▶ [Exercise goal]
Each line from the one containing "Turtle Fur - Single-Layer" through the last line of the data below should be printed exactly, please, with any pictures omitted.

▶ [Data provided]
____

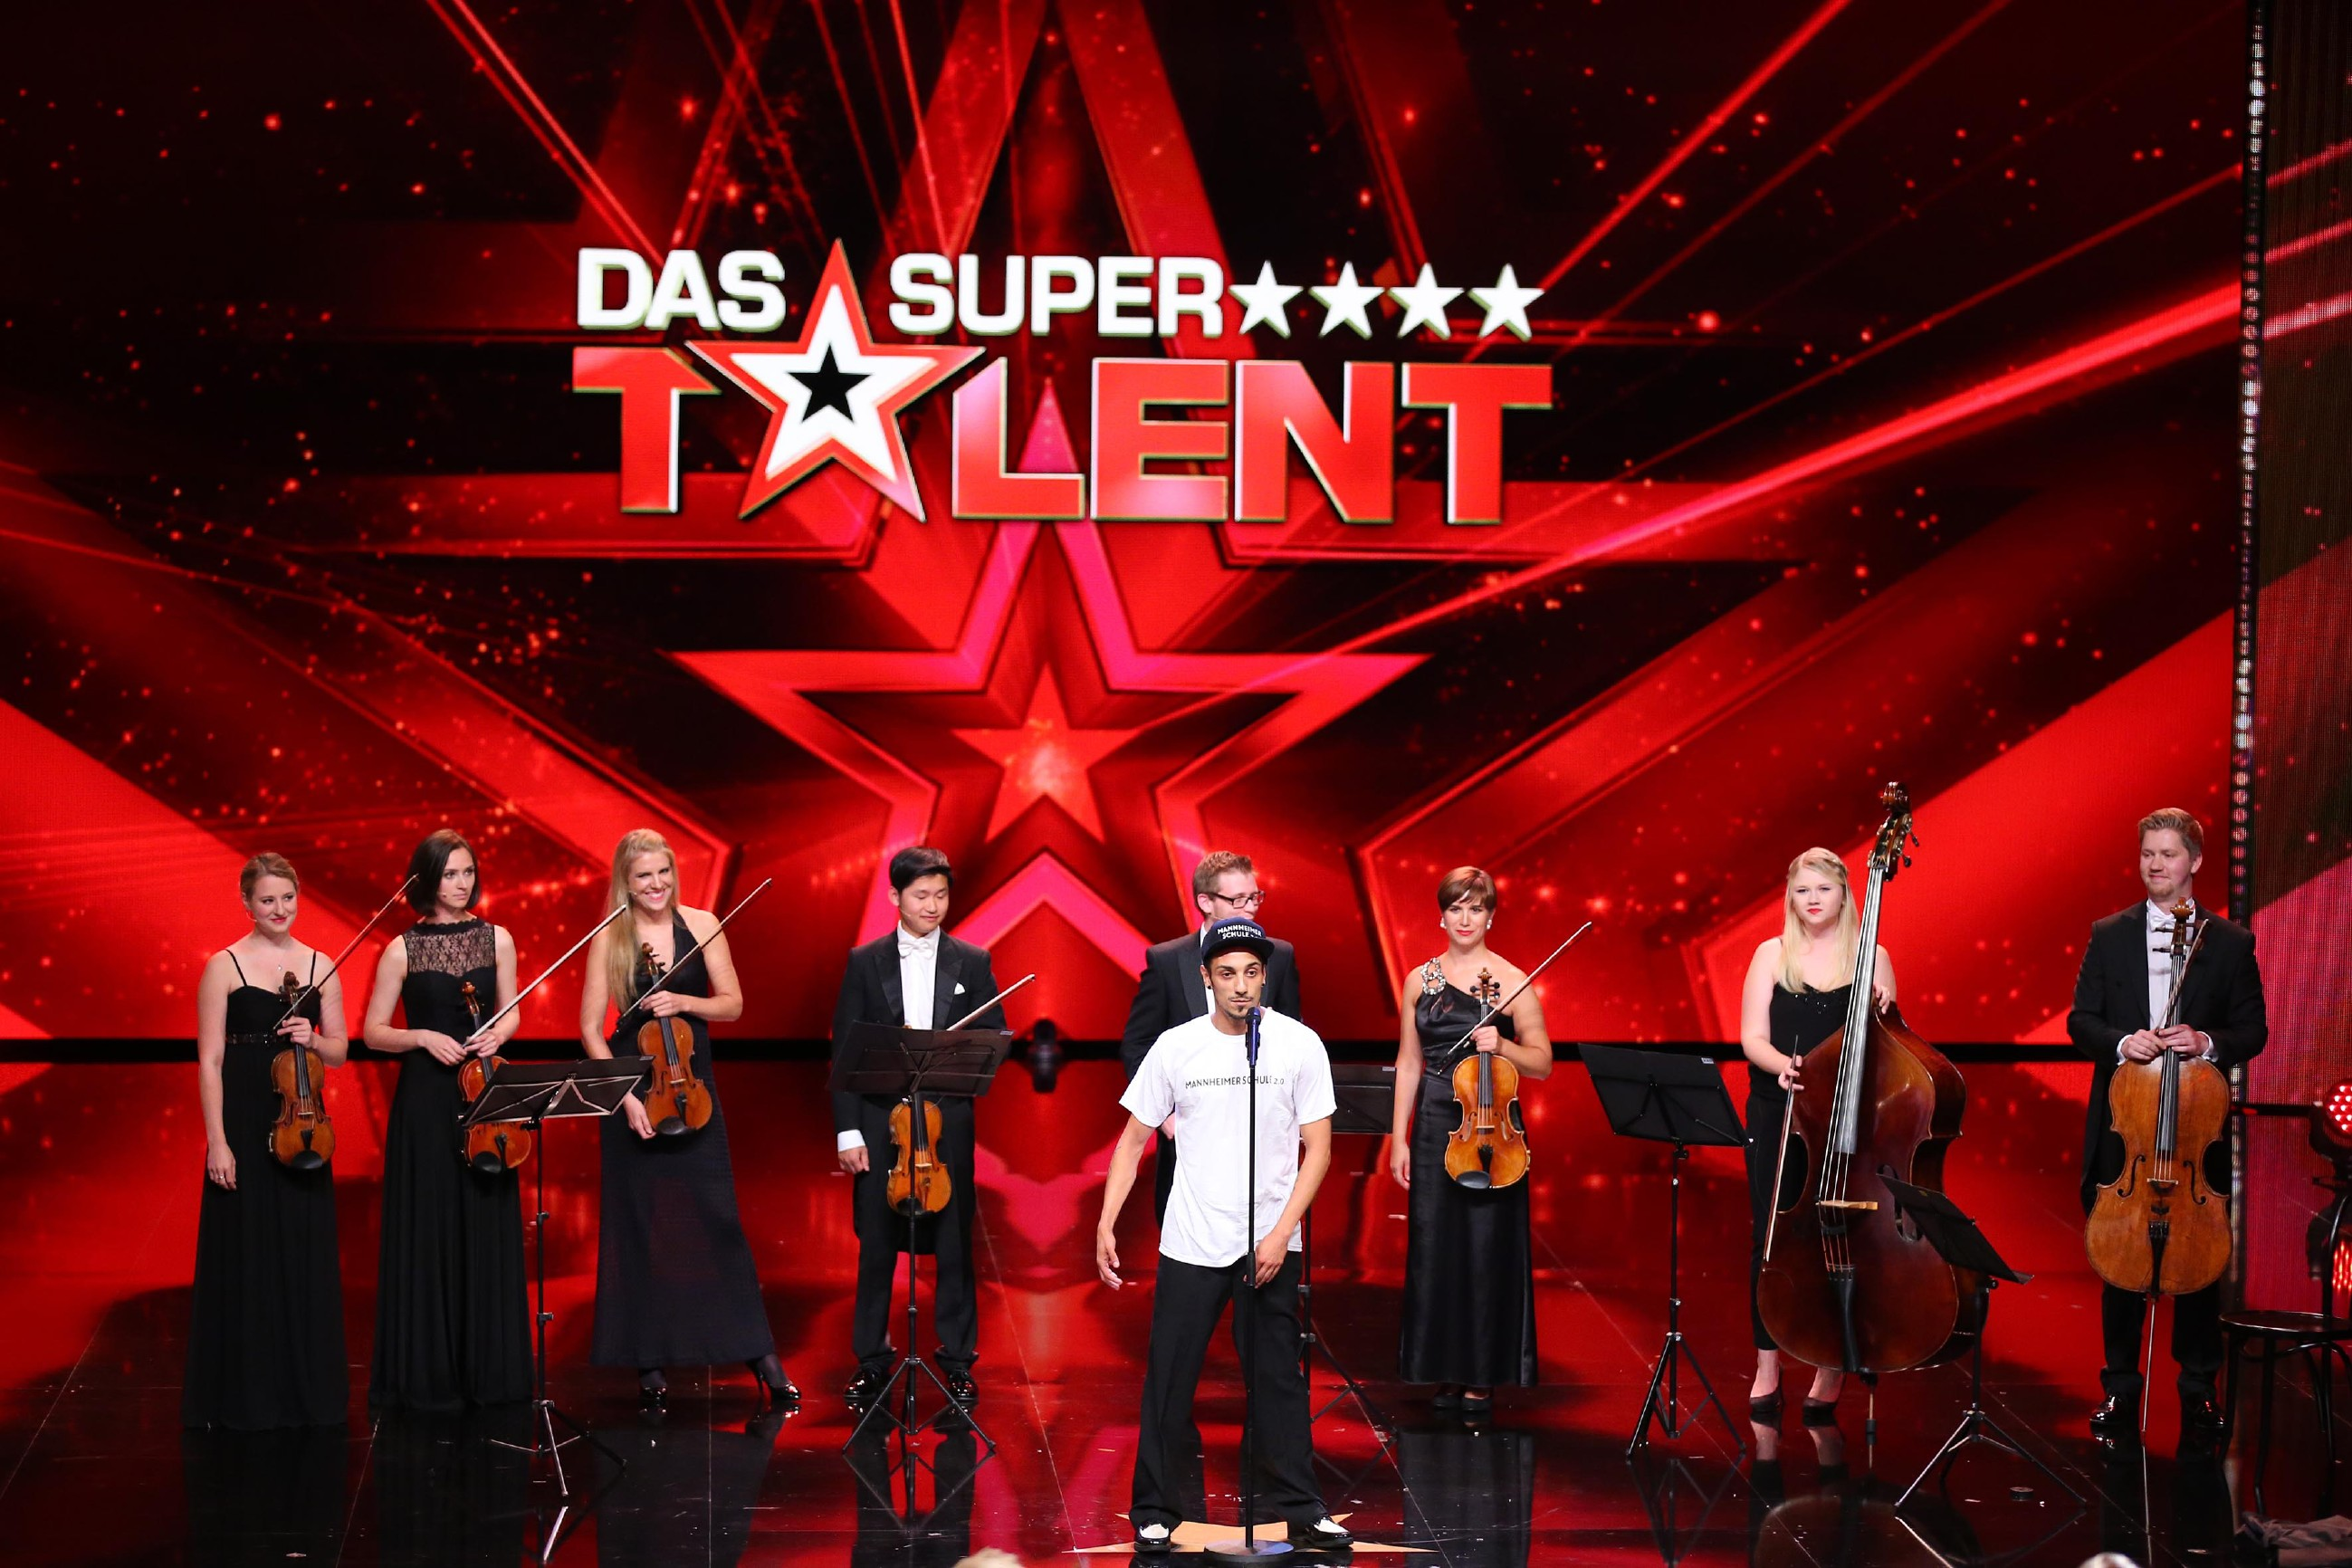 Das Supertalent 2016 - David Kwiek
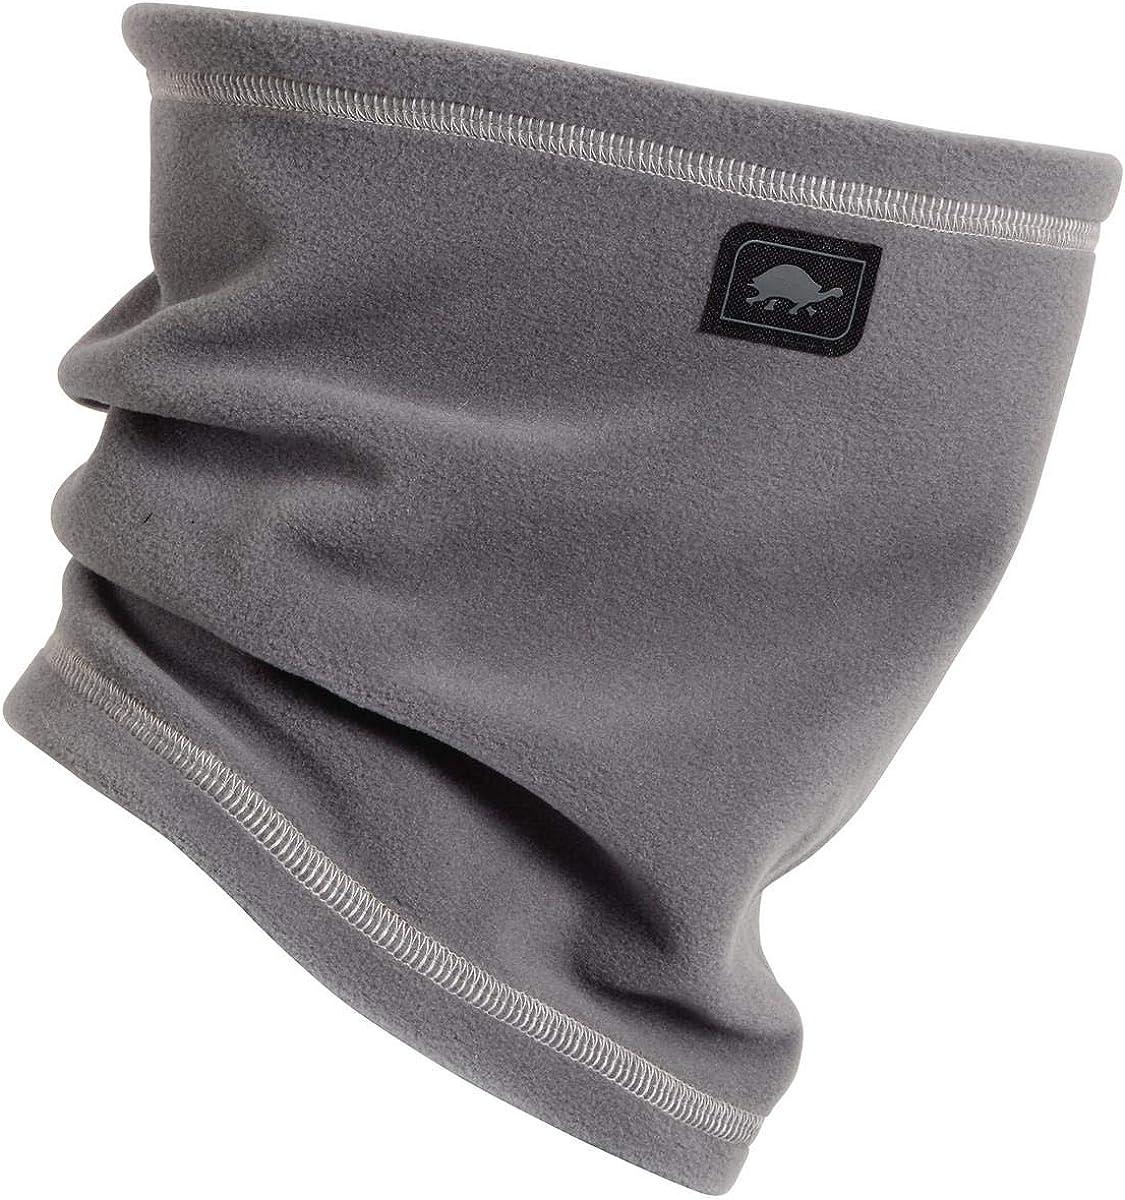 Turtle Fur - Single-Layer Lightweight Micro Fur Fleece Neck Warmer
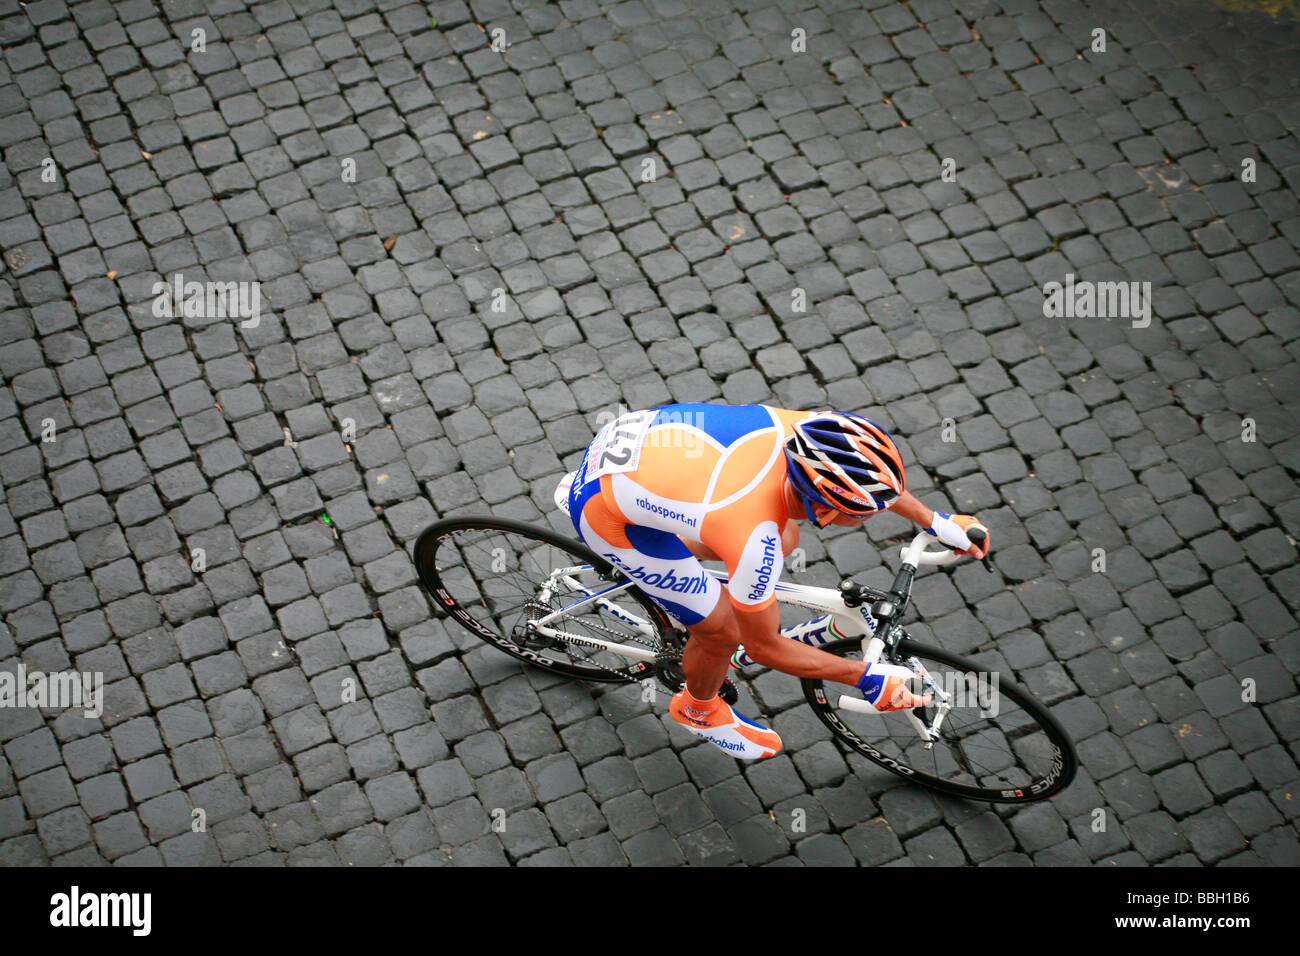 Mauricio Ardila Cano cycling in Tour of Italy cycle bike road race - Stock Image

____

▶ [Written solution]
 Turtle Fur - Single-Layer Lightweight Micro Fur Fleece Neck Warmer
 Mauricio Ardila Cano cycling in Tour of Italy cycle bike road race - Stock Image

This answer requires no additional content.